Monday, October 15, 2007

SF Vs. Fantasy

Mark Chadbourn is still unhappy about the world at large: now he says that Fantasy is beating SF because the world is too rationalistic, and we all need to run around in loincloths howling at the moon for a while, which, counter-intuitively, will increase the profile of super-rational SF. (Or something; the point isn't entirely clear.)

Sigh. I disagree with just about every sentence in that essay, so, if I'm not careful, I'll run on at the mouth for thousands of words. But I'll try to be brief, and just hit a few high points on the SF/Fantasy issue. I'm going to ignore everything he says about wider society, since that's a can of worms I don't want to open. (But, still: I think he's completely wrong, wrong, wrong -- about sources and trends and...well, everything, really.)

One. Perhaps -- just perhaps -- these two facts are not unrelated:

1) Fantasy is currently much more successful than SF in book form.

2) Fantasy books, to put it in less loaded terms than Chadbourn does, are fun to read and attract a large audience of people who love them. SF books are serious, dour affairs that, in his deadening, grandiloquent words "will undoubtedly be read in decades to come."

One and one-half. Uh-huh. Genre works that have a minor audience now will be massively more popular at some unspecified time in the future when we're all less rational and less amenable to the stories of SF. Go on, pull the other one.

Two. Chadbourn is comparing "serious" SF with "bestselling" fantasy to make his point. There is also "serious" fantasy, which often sells at about the level of "serious" SF. And there is also bestselling SF, which these days is mostly media tie-ins. (And popular adventure stories like Anne McCaffrey's "Pern" books and Orson Scott Card's "Ender" series.) And there might be more SF that sold at that level if there were more people writing in a crowd-pleasing style similar to that of the big fantasy series. Nothing forces SF to be serious literature for the ages, or keeps fantasy from being such.

Three. New Wave SF desperately wanted the prestige and seriousness of the mainstream novel. And now it's got all of that -- and the sales to match.

Four. Once you correct for the near-complete collapse of mass-market distribution in the US, SF is only slightly down. This may be no consolation to readers or writers; but a greater number of mass-market titles used to have wider distribution, in lots of small outlets frequented by people who don't go to book stores. Those books aren't in those places anymore, and those sales have been lost.

(The equivalent problem in the UK seems to be derived from the collapse of the net pricing scheme, and the consequent rise of mega-discounting by supermarket chains and an ever greater emphasis on fewer and fewer would-be bestsellers.)
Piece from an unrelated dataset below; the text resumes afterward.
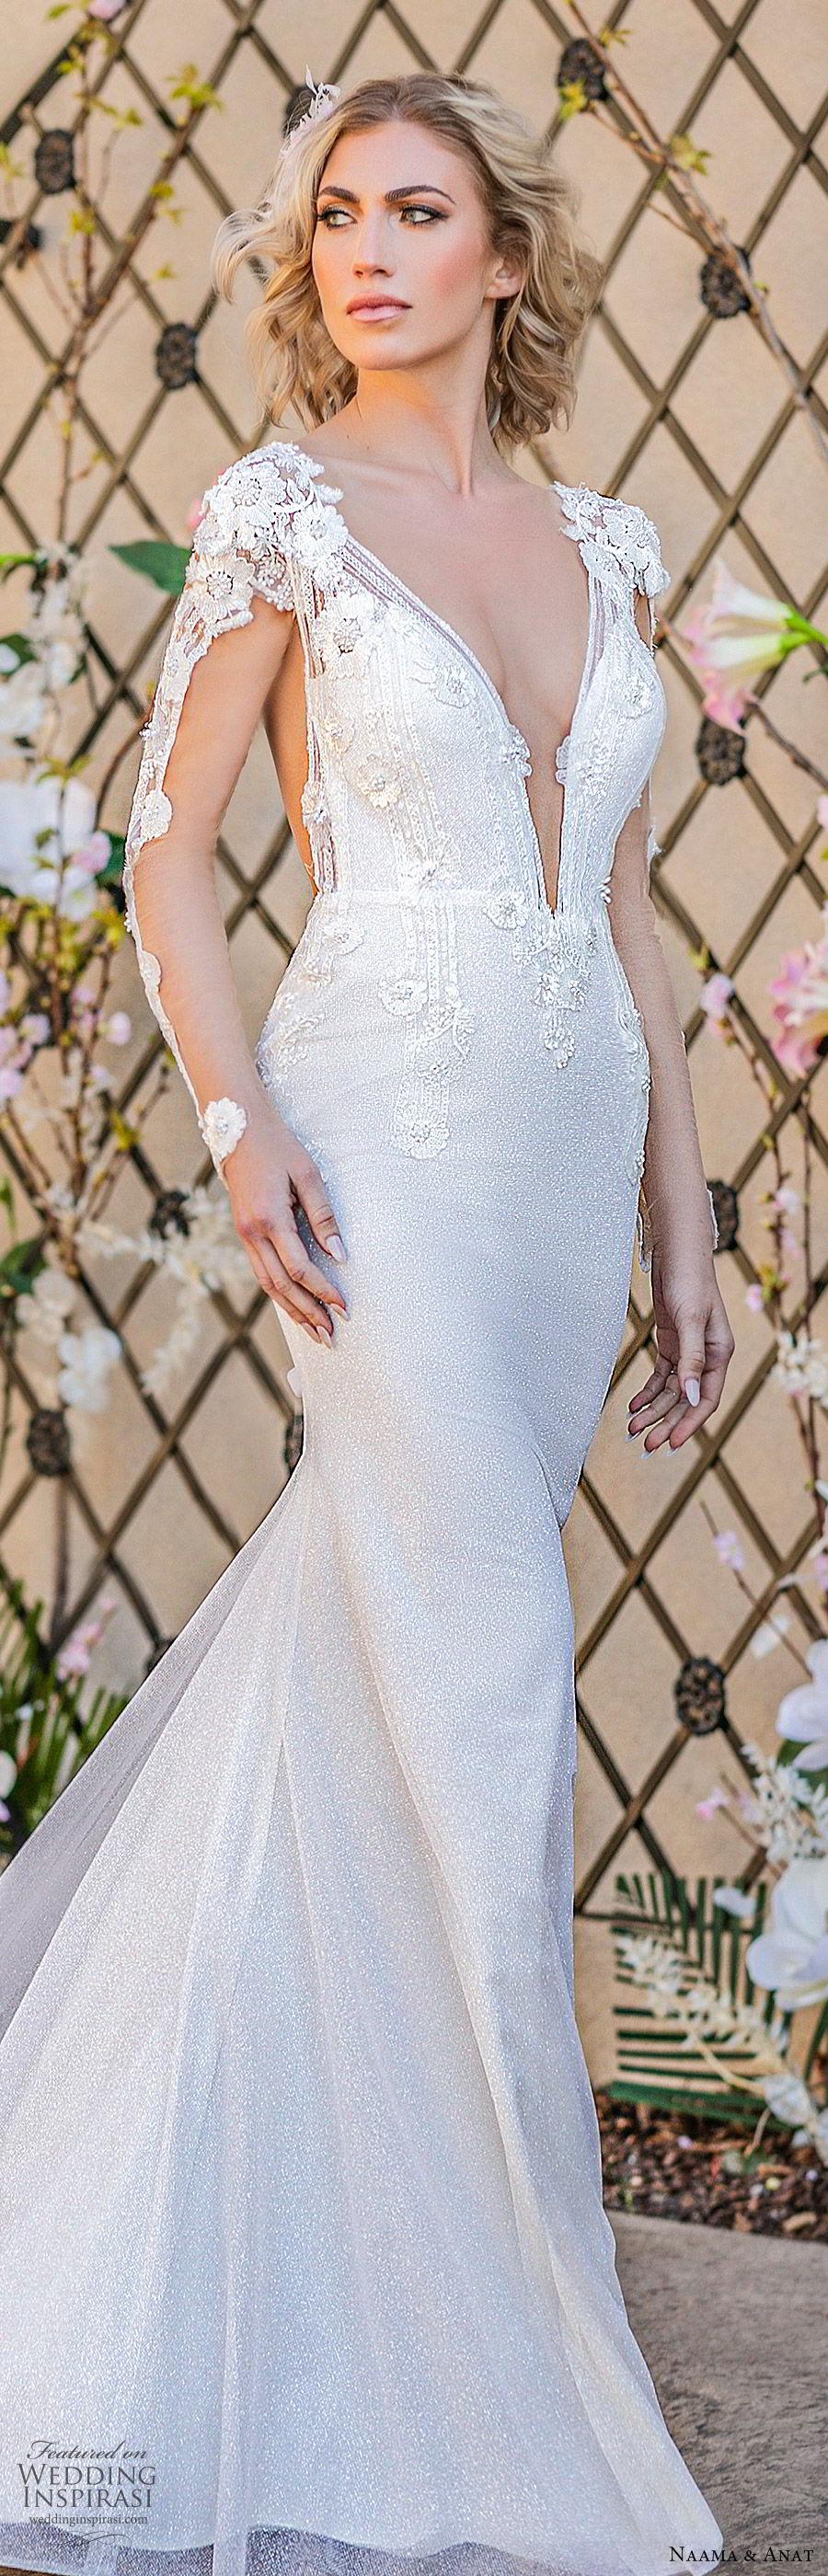 naama anat spring 2020 bridal illusion long sleeves split deep v neckline fully embellished sheath wedding dress (4) sheer back chapel train elegant glam lv

There are a few mass-market winners each year, but even they aren't as big winners as they were a decade ago. It's possible that the mass-market format itself is in a death spiral, or just settling down to a new, lower, level of sales after the recent increase in sales of hardcovers and trade paperbacks.


Shaun Farrell said...

Nice post, Andrew. I'm going to link it on my blog,

There really is no reason why serious SF and seroius fantasy can't also be entertaining with engaging characters and fast moving plots. I just finished reading Hyperion. It's full of big ideas, complicated situations, metaphysical questions about humanity and God, and all the while an entertaining, engrossing read.

I also find it curious that MM sales have dropped while more expensive books are selling better. It might be that television, the internet, podcast fiction, video games, ect., have replaced MM as cheap means to escape, while readers are still willing to pay for nice editions of books they really want. Just a thought.

Andrew Wheeler said...

Shaun: You may have something there; the lingering death of the mass-market paperback does seem to have put us into a world where there are serious readers (more of them than there used to be, and willing to pay more for books) and people who don't read at all, but not the formerly large group of people who used to read a paperback now and then to pass the time.

Whether that loss is cause or effect is up for debate, and it's a complicated question. But those people certainly have found other things to do with those formerly book-reading moments, whatever reason you give for it.

Shaun Farrell said...

I thinks that's a big part of it, Andrew. Less free time and more options.